Washington Run Railroad

Overview
- Reporting mark: WRN
- Locale: Perry Township, Fayette County, Pennsylvania
- Dates of operation: 1899–1931

Technical
- Track gauge: 1,435 mm (4 ft 8+1⁄2 in) standard gauge
- Length: 4 m (13 ft)

= Washington Run Railroad =

Branch line railroad in Pennsylvania

The Washington Run Railroad was a branch line in Pennsylvania. Starting at a junction with the B&O Railroad in Layton, the line crossed the Youghiogheny River on a bridge (Layton Bridge) and passed through a tunnel (both built by the A.P. Roberts Construction Company) to continue to Perryopolis. From there, it continued to Star Junction on a track that ran parallel to today's Pennsylvania Route 51.
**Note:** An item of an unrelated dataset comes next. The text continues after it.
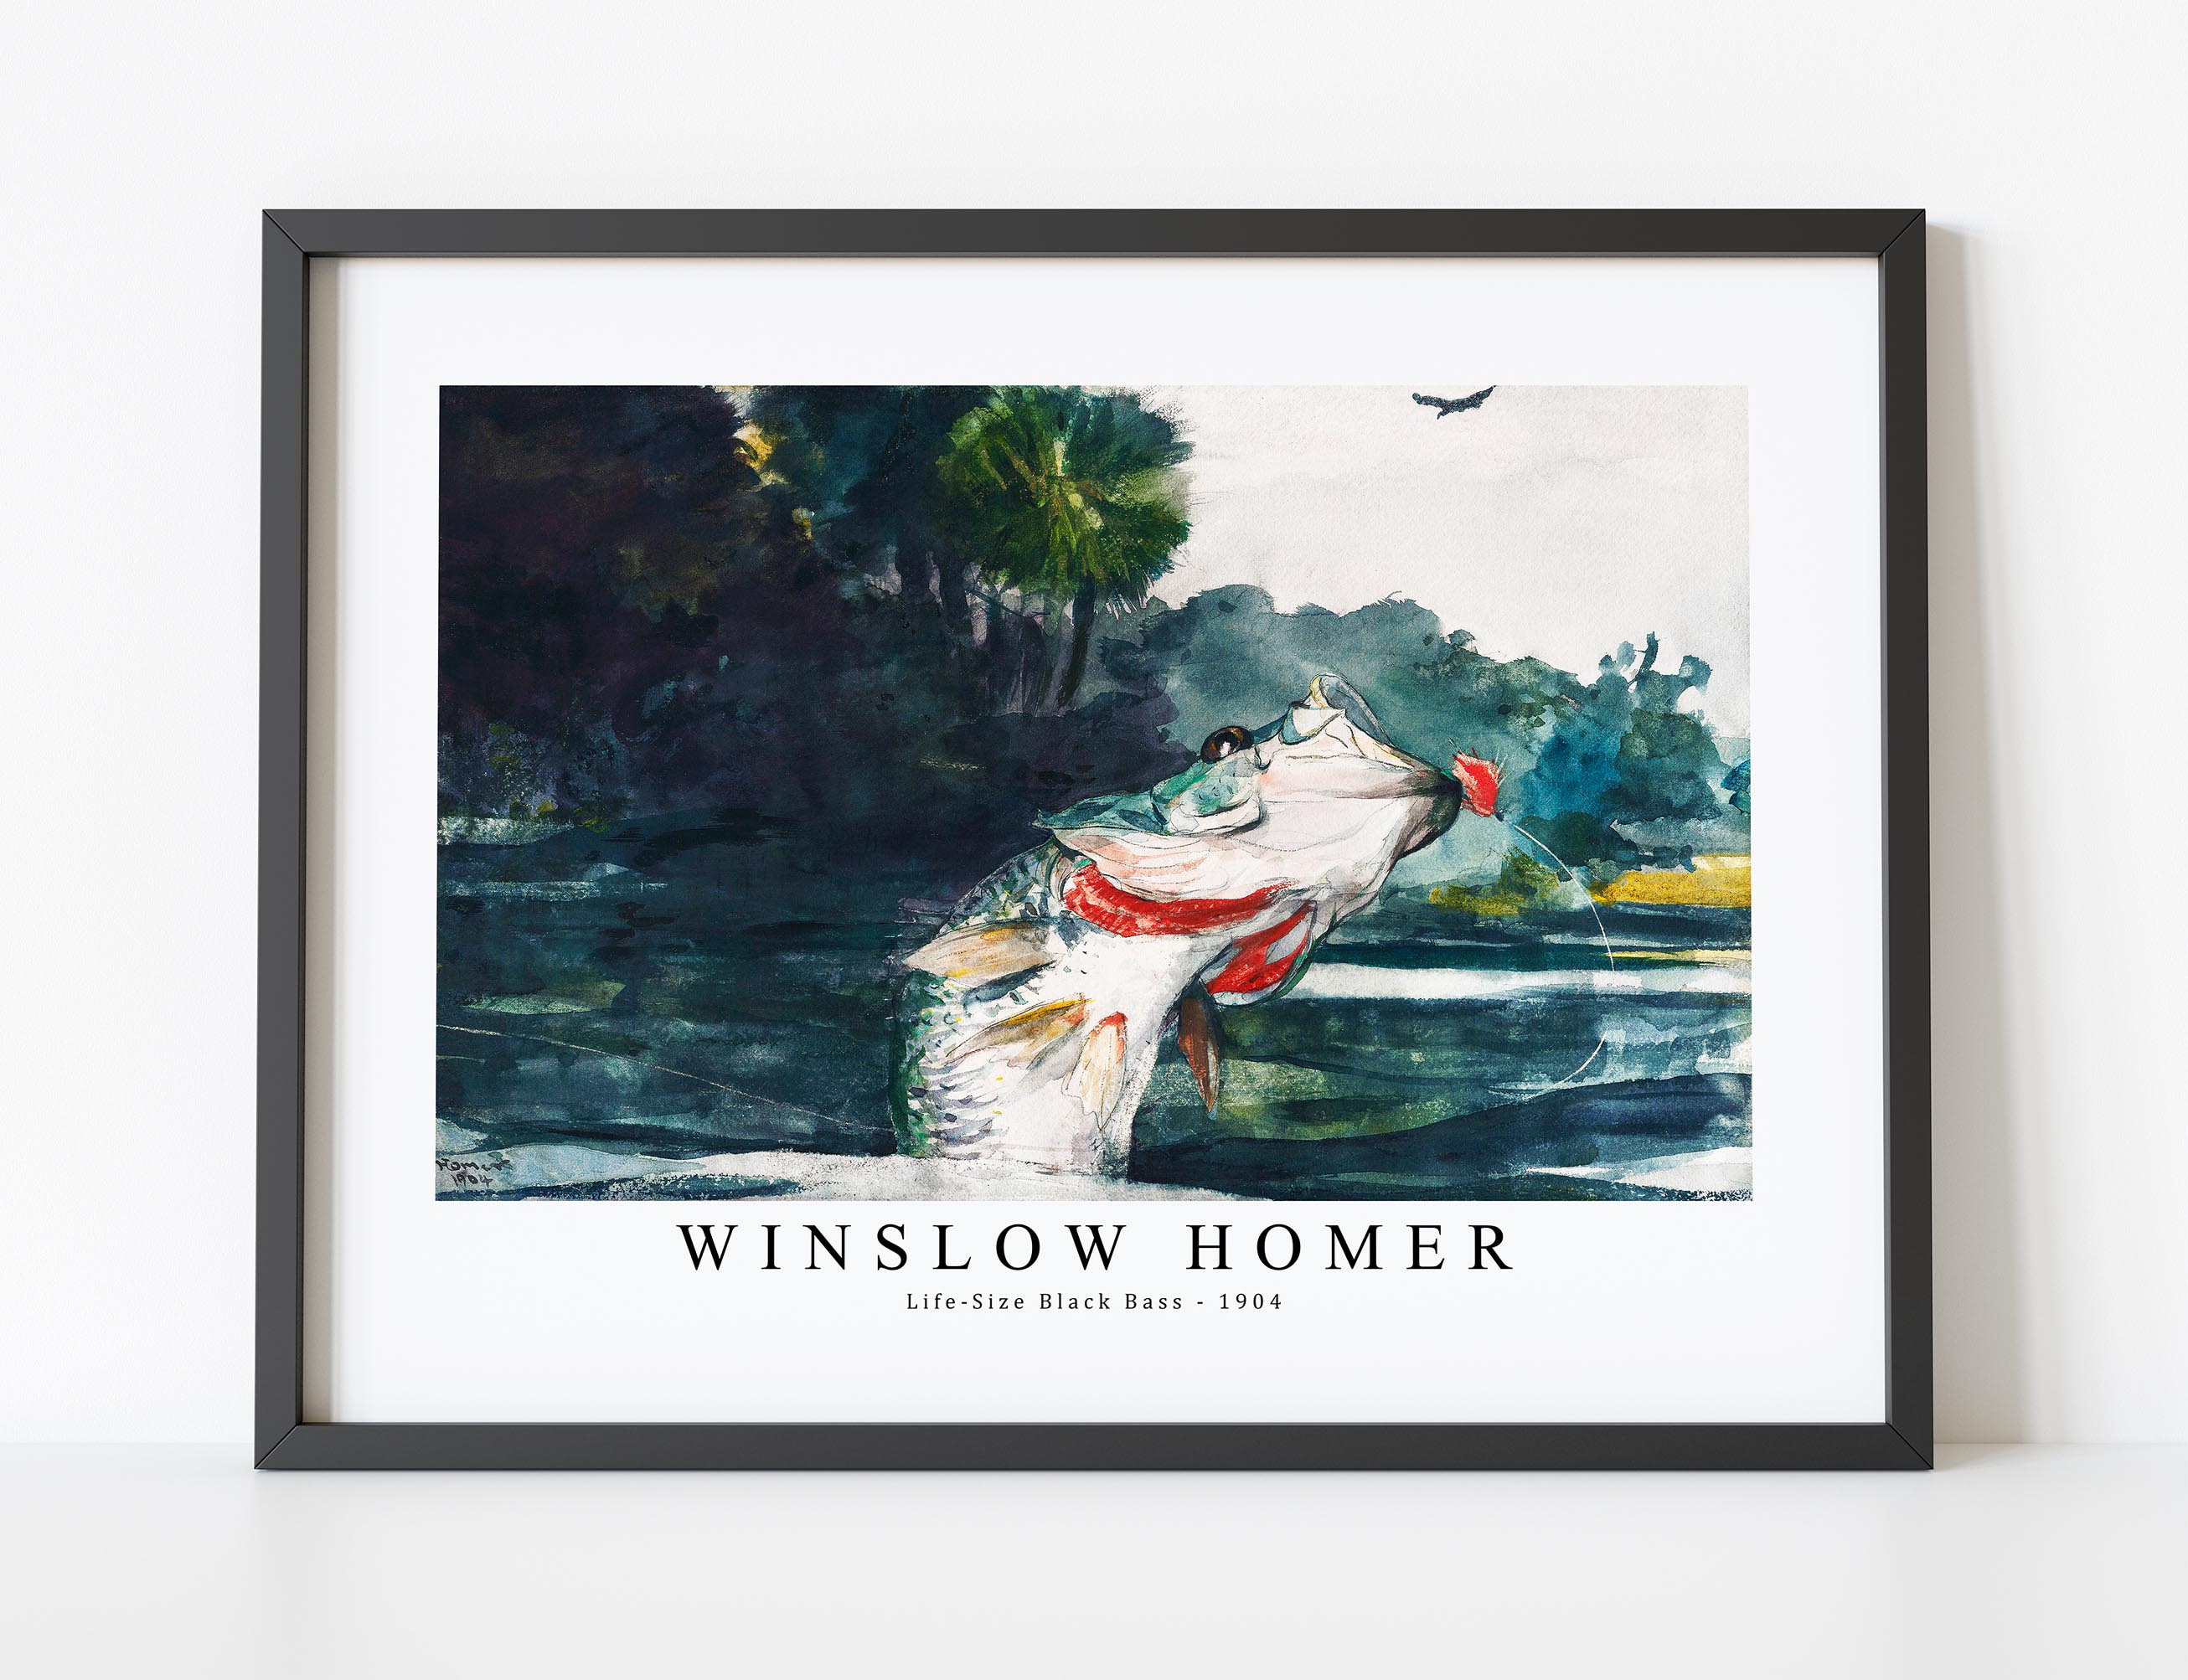 Fine Art Print Life-Size Black Bass (Vintage Fishing) - Winslow Homer
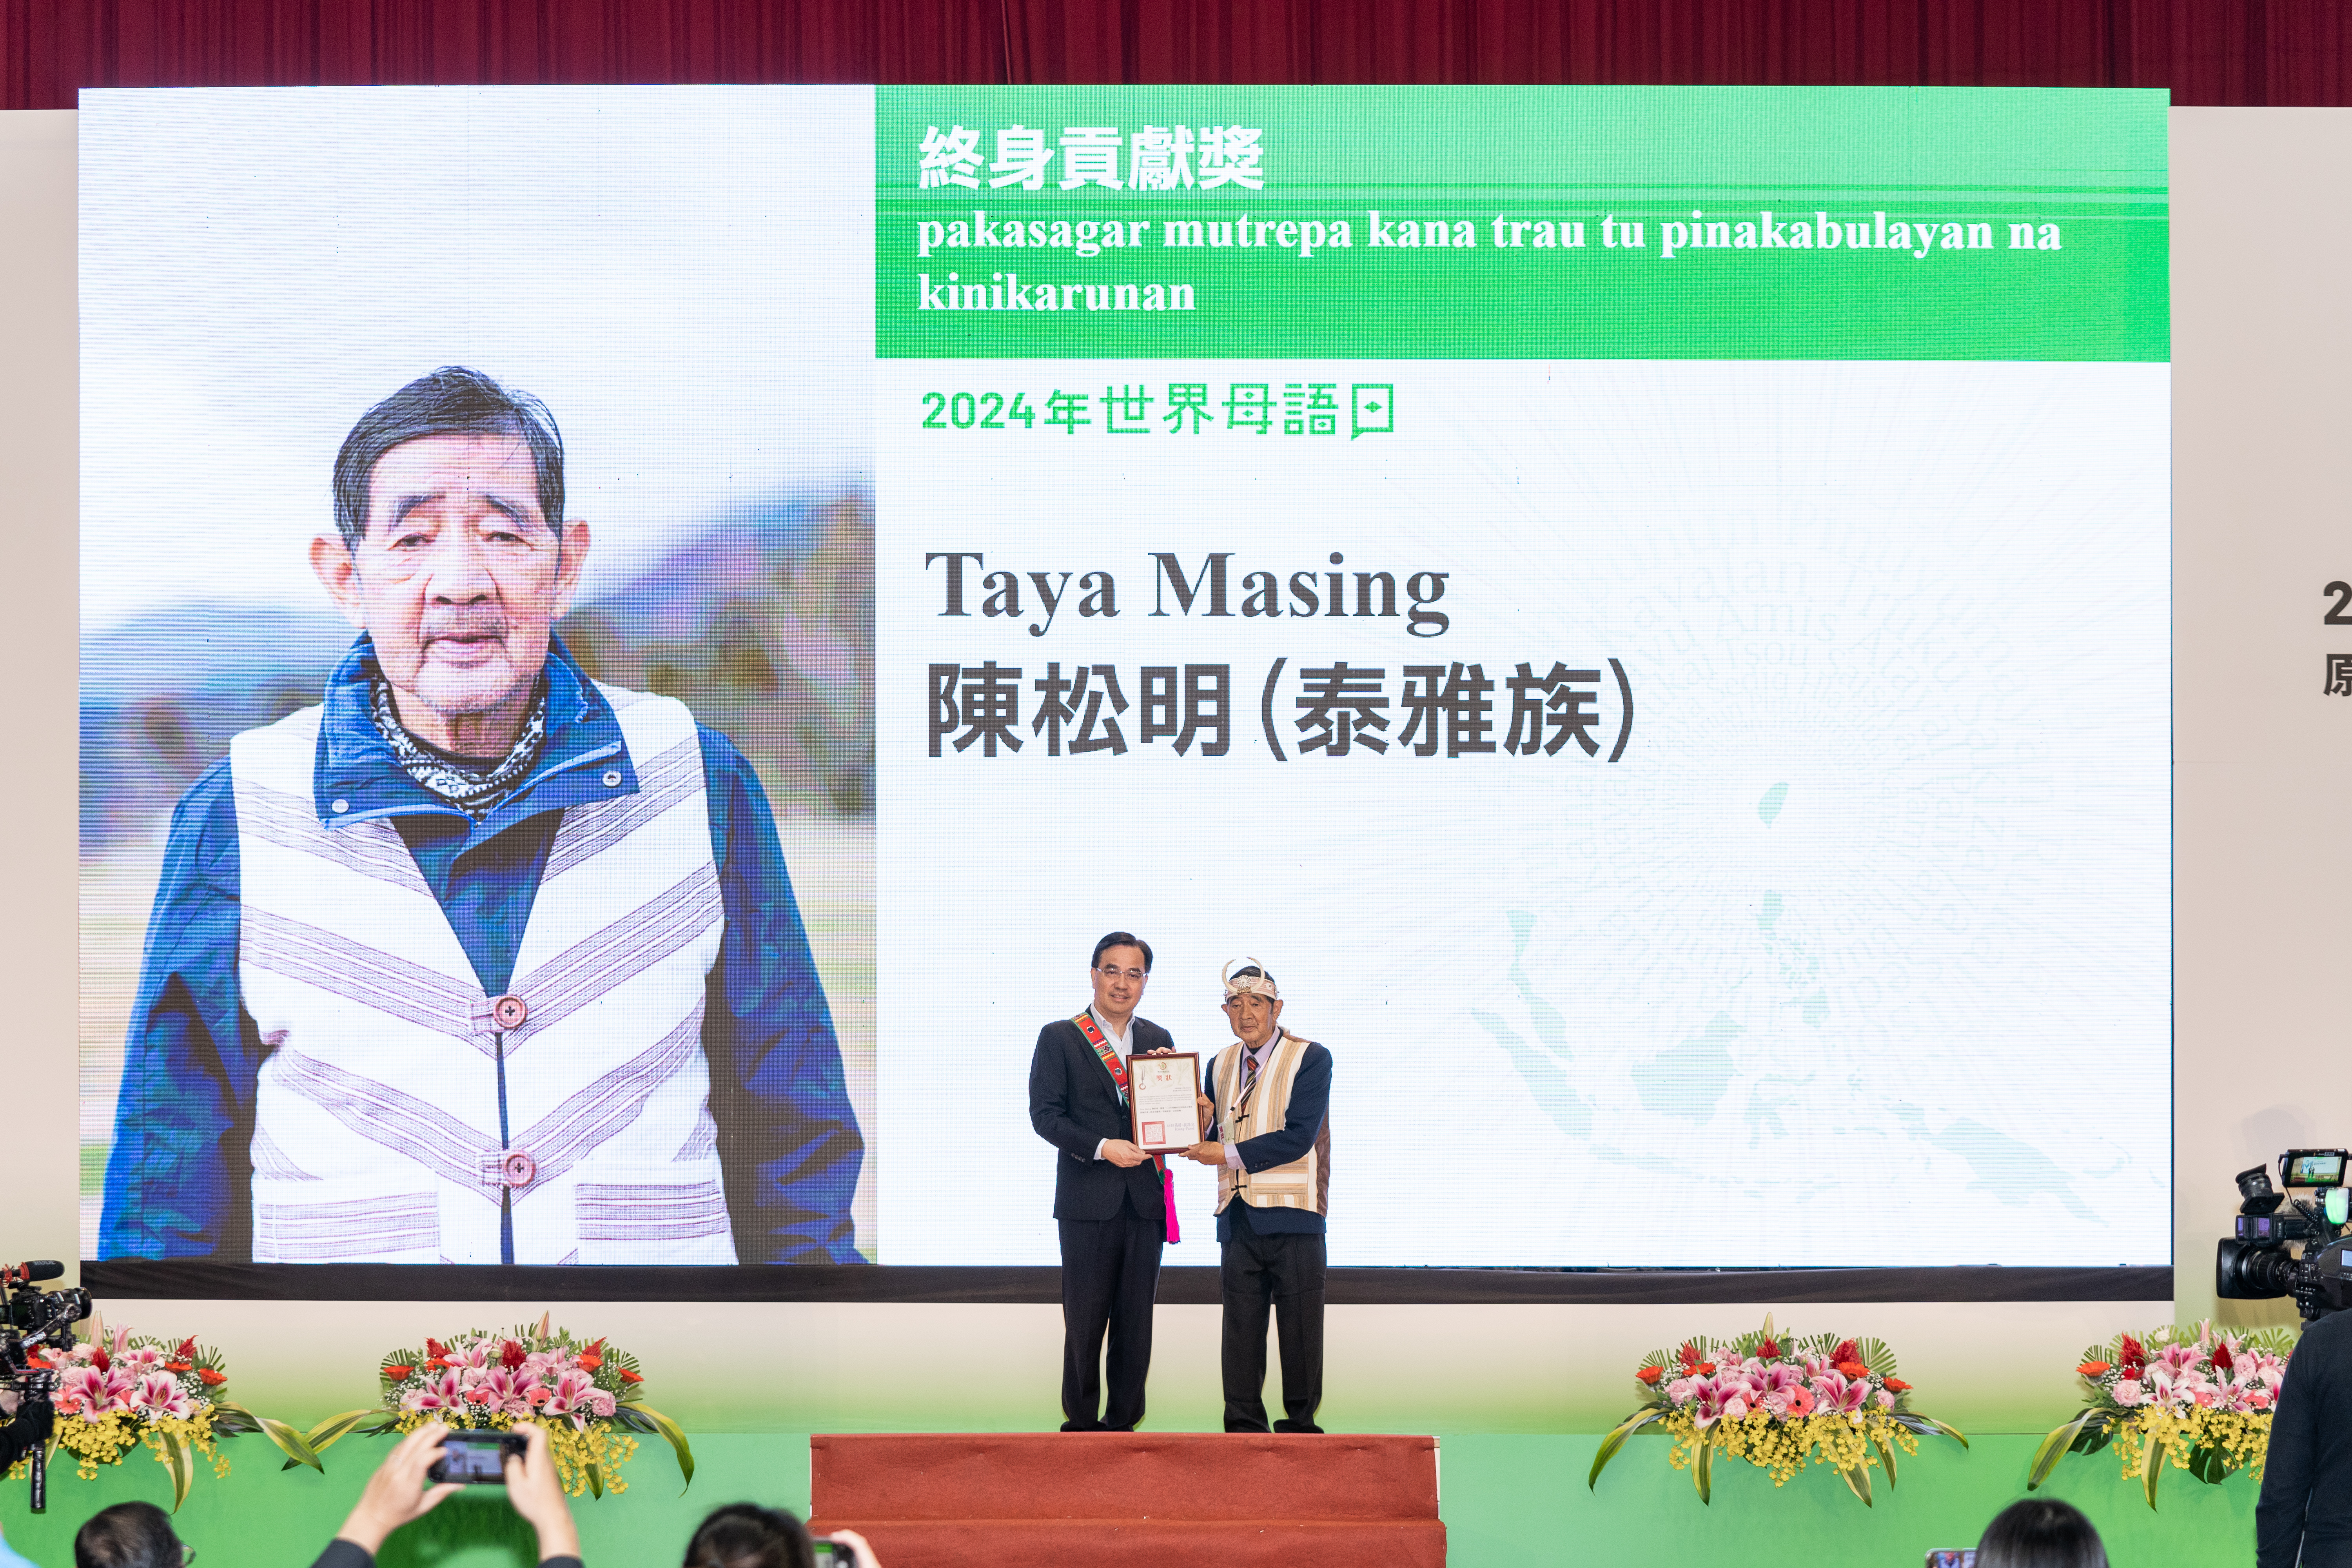 Recipient of the Lifetime Contribution Award – Taya Masing

The railroad had a passenger car that it used for passenger service, but it was primarily a freight carrier, transporting coke produced at Star Junction and coal for the Washington Coal and Coke Company and the Cochran Coal Company. It also served the brickworks in Layton and had a stop in Victoria.

The railroad ceased operation in 1931. Layton Bridge and the adjacent tunnel still serve as a single lane part of Layton Road (State Route 4038).